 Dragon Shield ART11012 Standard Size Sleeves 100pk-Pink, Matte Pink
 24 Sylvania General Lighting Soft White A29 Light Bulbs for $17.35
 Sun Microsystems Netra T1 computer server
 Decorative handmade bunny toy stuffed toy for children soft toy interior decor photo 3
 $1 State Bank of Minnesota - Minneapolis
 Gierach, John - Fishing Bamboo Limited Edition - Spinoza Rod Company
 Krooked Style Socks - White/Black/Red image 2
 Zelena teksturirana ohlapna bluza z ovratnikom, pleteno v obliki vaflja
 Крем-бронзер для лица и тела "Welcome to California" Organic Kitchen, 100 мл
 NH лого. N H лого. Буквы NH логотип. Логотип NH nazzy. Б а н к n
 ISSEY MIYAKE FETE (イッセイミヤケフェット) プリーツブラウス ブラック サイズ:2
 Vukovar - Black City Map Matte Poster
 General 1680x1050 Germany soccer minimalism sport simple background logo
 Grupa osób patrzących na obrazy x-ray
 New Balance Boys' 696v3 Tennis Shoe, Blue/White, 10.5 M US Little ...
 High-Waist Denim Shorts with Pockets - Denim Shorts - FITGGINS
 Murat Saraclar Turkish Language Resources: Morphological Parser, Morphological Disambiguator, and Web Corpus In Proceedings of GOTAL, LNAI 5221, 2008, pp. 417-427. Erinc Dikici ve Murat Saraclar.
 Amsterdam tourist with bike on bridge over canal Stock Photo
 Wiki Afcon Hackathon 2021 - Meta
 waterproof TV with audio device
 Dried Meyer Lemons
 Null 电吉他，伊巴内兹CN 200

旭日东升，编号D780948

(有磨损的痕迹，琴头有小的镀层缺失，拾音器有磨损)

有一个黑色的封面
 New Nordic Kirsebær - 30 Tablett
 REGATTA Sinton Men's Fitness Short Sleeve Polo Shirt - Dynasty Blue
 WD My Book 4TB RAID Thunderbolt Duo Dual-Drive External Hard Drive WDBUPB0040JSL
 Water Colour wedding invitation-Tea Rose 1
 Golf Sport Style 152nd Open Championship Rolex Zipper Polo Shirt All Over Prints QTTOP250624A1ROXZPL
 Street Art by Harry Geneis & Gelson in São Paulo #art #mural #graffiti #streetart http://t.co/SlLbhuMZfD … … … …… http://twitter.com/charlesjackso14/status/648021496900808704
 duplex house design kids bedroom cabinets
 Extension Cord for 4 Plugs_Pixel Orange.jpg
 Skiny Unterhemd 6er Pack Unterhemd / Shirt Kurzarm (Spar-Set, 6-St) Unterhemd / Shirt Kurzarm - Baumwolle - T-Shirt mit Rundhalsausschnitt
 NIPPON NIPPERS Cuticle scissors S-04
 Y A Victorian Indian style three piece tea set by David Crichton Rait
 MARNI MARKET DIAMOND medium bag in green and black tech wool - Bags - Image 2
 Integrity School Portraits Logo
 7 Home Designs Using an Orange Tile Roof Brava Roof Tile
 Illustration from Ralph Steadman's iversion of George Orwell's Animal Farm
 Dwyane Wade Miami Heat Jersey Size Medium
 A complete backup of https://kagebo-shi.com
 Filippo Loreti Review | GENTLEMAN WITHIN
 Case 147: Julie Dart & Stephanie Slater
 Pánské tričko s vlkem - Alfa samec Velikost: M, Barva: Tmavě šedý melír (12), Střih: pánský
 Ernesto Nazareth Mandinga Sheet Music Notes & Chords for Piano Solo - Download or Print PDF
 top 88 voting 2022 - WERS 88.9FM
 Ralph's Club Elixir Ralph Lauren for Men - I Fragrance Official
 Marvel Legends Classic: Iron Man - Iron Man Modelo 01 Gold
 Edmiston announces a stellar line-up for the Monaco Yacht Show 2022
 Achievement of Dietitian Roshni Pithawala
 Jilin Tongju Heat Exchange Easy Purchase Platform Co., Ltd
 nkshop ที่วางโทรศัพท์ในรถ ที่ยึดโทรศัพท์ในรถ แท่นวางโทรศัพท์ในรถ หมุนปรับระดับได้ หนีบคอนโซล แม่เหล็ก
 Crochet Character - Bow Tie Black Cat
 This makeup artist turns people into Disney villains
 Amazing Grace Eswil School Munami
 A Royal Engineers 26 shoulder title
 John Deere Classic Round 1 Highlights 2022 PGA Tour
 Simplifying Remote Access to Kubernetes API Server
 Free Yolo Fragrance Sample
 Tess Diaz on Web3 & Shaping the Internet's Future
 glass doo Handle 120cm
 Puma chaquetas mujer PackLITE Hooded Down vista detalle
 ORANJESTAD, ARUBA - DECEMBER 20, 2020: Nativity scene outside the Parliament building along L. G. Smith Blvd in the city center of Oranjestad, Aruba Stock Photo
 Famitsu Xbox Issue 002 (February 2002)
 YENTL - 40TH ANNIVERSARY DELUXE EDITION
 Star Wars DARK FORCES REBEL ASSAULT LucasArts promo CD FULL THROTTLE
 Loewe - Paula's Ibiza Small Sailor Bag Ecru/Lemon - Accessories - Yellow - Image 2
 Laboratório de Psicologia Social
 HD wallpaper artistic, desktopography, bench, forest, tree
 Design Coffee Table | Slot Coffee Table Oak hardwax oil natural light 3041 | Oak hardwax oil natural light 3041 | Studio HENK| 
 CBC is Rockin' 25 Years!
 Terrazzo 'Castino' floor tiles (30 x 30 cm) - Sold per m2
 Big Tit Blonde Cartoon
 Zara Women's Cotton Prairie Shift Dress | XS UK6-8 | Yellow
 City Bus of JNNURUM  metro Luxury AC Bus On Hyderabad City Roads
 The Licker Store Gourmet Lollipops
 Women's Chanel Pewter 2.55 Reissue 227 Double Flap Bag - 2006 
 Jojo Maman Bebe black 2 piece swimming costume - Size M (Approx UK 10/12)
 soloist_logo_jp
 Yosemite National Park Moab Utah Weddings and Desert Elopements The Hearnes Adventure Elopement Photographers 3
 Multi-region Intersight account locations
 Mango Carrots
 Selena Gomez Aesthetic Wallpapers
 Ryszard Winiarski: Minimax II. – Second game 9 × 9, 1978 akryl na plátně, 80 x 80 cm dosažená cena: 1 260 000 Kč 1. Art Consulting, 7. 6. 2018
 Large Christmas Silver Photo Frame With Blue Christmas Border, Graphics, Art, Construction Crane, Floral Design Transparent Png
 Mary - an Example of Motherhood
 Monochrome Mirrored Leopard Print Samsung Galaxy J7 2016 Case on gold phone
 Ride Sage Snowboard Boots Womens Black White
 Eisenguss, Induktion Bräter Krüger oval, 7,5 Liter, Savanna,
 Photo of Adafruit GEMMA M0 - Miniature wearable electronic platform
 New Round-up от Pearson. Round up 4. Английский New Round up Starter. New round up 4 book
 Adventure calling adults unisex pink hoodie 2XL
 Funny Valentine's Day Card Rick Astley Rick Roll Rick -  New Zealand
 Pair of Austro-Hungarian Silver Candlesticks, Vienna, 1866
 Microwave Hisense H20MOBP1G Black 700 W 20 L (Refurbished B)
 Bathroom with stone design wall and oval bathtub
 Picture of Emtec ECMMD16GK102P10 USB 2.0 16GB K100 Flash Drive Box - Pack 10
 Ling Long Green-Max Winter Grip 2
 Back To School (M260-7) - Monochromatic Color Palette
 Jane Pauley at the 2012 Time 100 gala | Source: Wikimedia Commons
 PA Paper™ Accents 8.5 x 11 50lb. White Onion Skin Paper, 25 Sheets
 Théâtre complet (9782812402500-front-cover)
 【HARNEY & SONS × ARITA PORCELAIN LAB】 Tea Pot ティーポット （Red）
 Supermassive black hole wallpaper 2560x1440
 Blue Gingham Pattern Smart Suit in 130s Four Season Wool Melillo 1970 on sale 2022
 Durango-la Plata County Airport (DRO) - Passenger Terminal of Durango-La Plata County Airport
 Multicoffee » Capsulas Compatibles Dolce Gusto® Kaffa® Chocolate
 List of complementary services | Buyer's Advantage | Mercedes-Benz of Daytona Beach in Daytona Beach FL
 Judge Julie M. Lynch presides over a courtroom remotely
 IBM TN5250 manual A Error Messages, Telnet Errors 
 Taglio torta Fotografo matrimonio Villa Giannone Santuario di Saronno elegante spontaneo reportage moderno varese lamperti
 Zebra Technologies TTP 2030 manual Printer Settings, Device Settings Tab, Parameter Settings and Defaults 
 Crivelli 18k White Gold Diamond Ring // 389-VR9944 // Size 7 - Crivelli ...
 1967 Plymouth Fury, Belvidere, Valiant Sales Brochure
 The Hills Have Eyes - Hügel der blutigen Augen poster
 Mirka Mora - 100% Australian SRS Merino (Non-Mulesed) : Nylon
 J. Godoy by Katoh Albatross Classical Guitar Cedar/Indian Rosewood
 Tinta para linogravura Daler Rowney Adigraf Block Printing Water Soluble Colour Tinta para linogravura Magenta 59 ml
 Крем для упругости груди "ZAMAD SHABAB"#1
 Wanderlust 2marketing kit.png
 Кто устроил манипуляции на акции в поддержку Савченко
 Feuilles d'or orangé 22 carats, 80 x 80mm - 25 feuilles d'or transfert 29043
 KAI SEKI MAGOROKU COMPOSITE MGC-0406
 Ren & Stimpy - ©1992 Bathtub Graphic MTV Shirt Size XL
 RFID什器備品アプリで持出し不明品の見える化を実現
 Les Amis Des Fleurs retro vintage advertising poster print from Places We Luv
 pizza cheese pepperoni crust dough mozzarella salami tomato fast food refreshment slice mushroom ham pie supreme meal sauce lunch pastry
━━━━━━━━━━━━━━━━
> **EXERCISE GOAL**
In the listing above, locate the line containing "Pair of Austro-Hungarian" and the line containing "Durango-la Plata County Airport (DRO)". Transcribe those two lines and everything between them, exactly as written.

> **EXPECTED OUTPUT**
 Pair of Austro-Hungarian Silver Candlesticks, Vienna, 1866
 Microwave Hisense H20MOBP1G Black 700 W 20 L (Refurbished B)
 Bathroom with stone design wall and oval bathtub
 Picture of Emtec ECMMD16GK102P10 USB 2.0 16GB K100 Flash Drive Box - Pack 10
 Ling Long Green-Max Winter Grip 2
 Back To School (M260-7) - Monochromatic Color Palette
 Jane Pauley at the 2012 Time 100 gala | Source: Wikimedia Commons
 PA Paper™ Accents 8.5 x 11 50lb. White Onion Skin Paper, 25 Sheets
 Théâtre complet (9782812402500-front-cover)
 【HARNEY & SONS × ARITA PORCELAIN LAB】 Tea Pot ティーポット （Red）
 Supermassive black hole wallpaper 2560x1440
 Blue Gingham Pattern Smart Suit in 130s Four Season Wool Melillo 1970 on sale 2022
 Durango-la Plata County Airport (DRO) - Passenger Terminal of Durango-La Plata County Airport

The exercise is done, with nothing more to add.